Other Bubbles: But it was with the advent of the MYSTERY (X) TAPE concept that things got really confusing. This world-encompassing armada of crafty compilations necessarily by definition bears only slight explanation. The concept: to ferret and fashion; to appropriate against (dices error) all odds, to place in cahoots, a cornucopia of essential and vivacious sounds from everywhere and whenever; to map them into vortextual sequences and overlaps, symphonies and cacophonies, cartoons and realisions, typically byzantine in format. Pop stars deform and implode, the Classics get what's coming to 'em, the future of music explored by amnesiac reversal; compositionalists and theatricians expound and breethd, utterances glow (the proof in slow motion) sounds emerge; sound of short circuit might be simulated by dripping water on red hot metal; if smell is related to time, then sound is some current in space (navy blue with swiss cheese dots), undefinable music vaults... wonderful sounds for wondering ears.

-And here's an excerpt from the final MYSTERY TAPES ETC. newsletter (late '94):

Research & production for the Mystery (or X) Tape line took place mostly in the 2 decades from the early '70s to the release of the plunderphonic CD in late '89. Since then most of our production focus has been on CDs, which have all been released by 3rd parties.
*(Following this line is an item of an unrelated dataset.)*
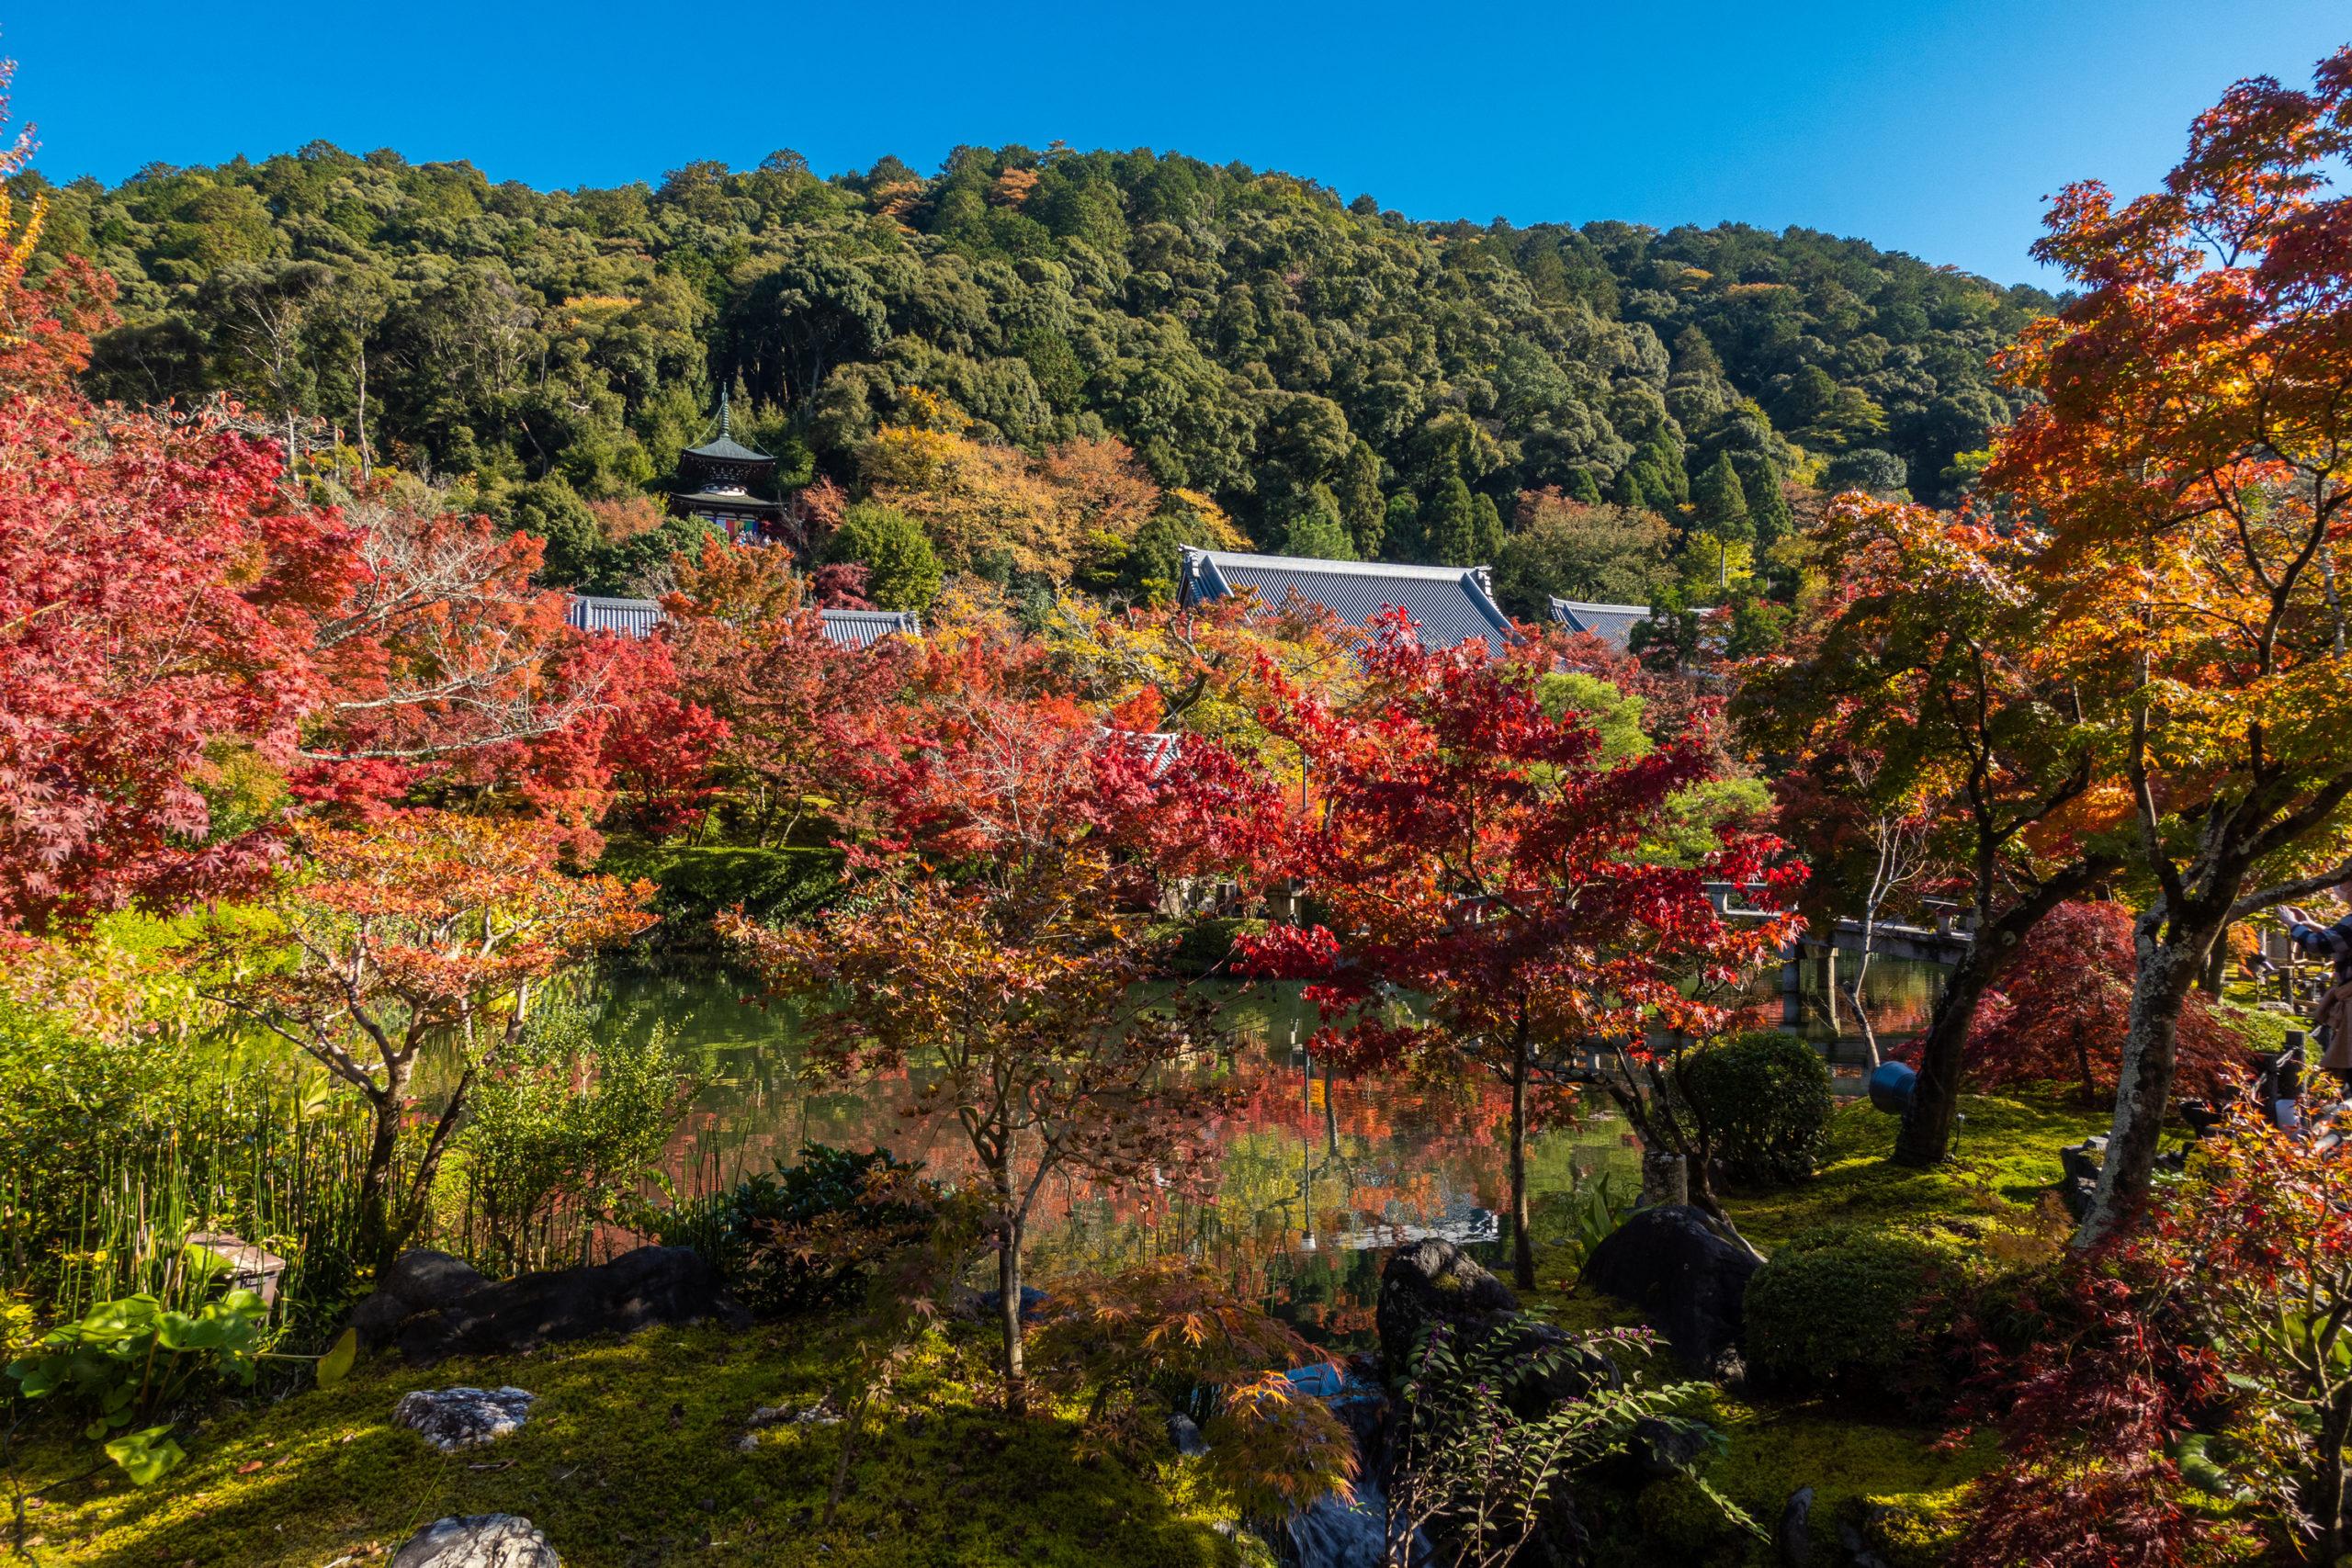 DSC00704-scaled 京都  永観堂-禅林寺(池に映る紅葉の風景が美しい秋におすすめのスポット!撮影した写真の紹介、アクセス情報・ライトアップ情報など)
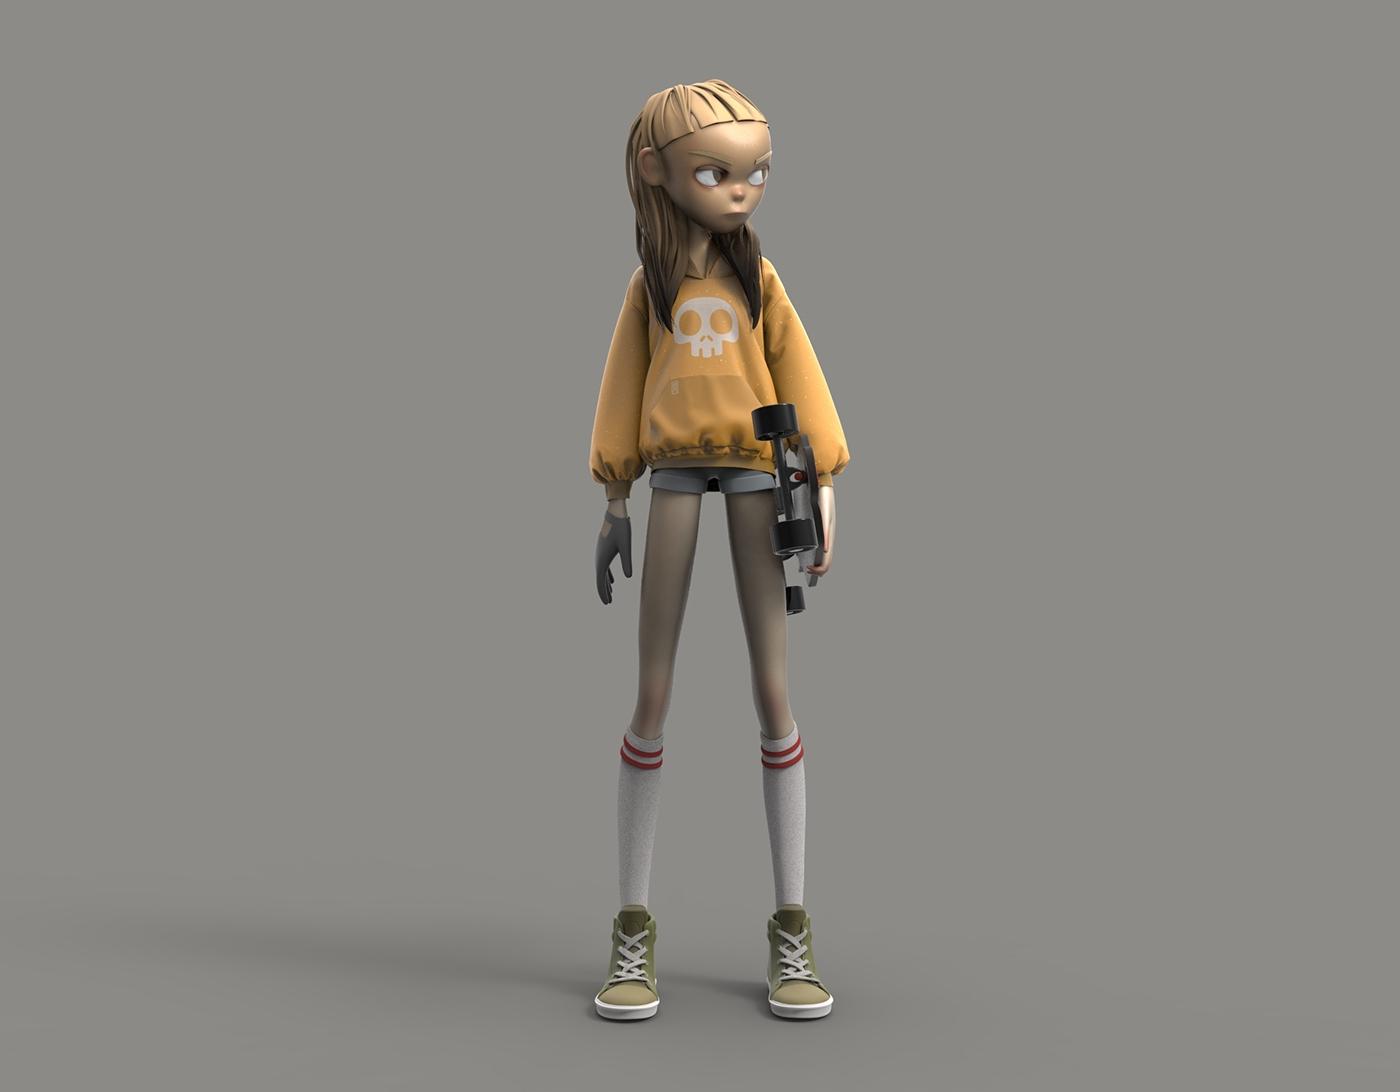 Milica Martic Digital Portrait Of A 3d Fashion Designer Article Cgsociety

But part of the tenet for the Mystery Tapes has been that, like computer software, they would be revised as improvements were developed. At present the latest versions of the X-tapes are: GX v.4 \ X map v.0 LX v.2 \ X5 v.3.1 X2 v.3 \ X1 v.3 MX v.2 \ X3 v.1.3 The backside of SAMPLER was last replaced in mid '86. Both sides were revised twice 5 years later in the process of transferring the tapes to a digital mastering format. GUITARS was revised in '87 (dropping its old title "Mah Jongg Hell" & adding 2 new tracks. DRUMS (previously entitled "L---- D---- ") received a major revision related to the plunderphonic project in '89. Some of the X map versions sent out were beta test revisions. A revised X-map tape was initiated but its completion has been temporarily interrupted by the latest plunderphonics.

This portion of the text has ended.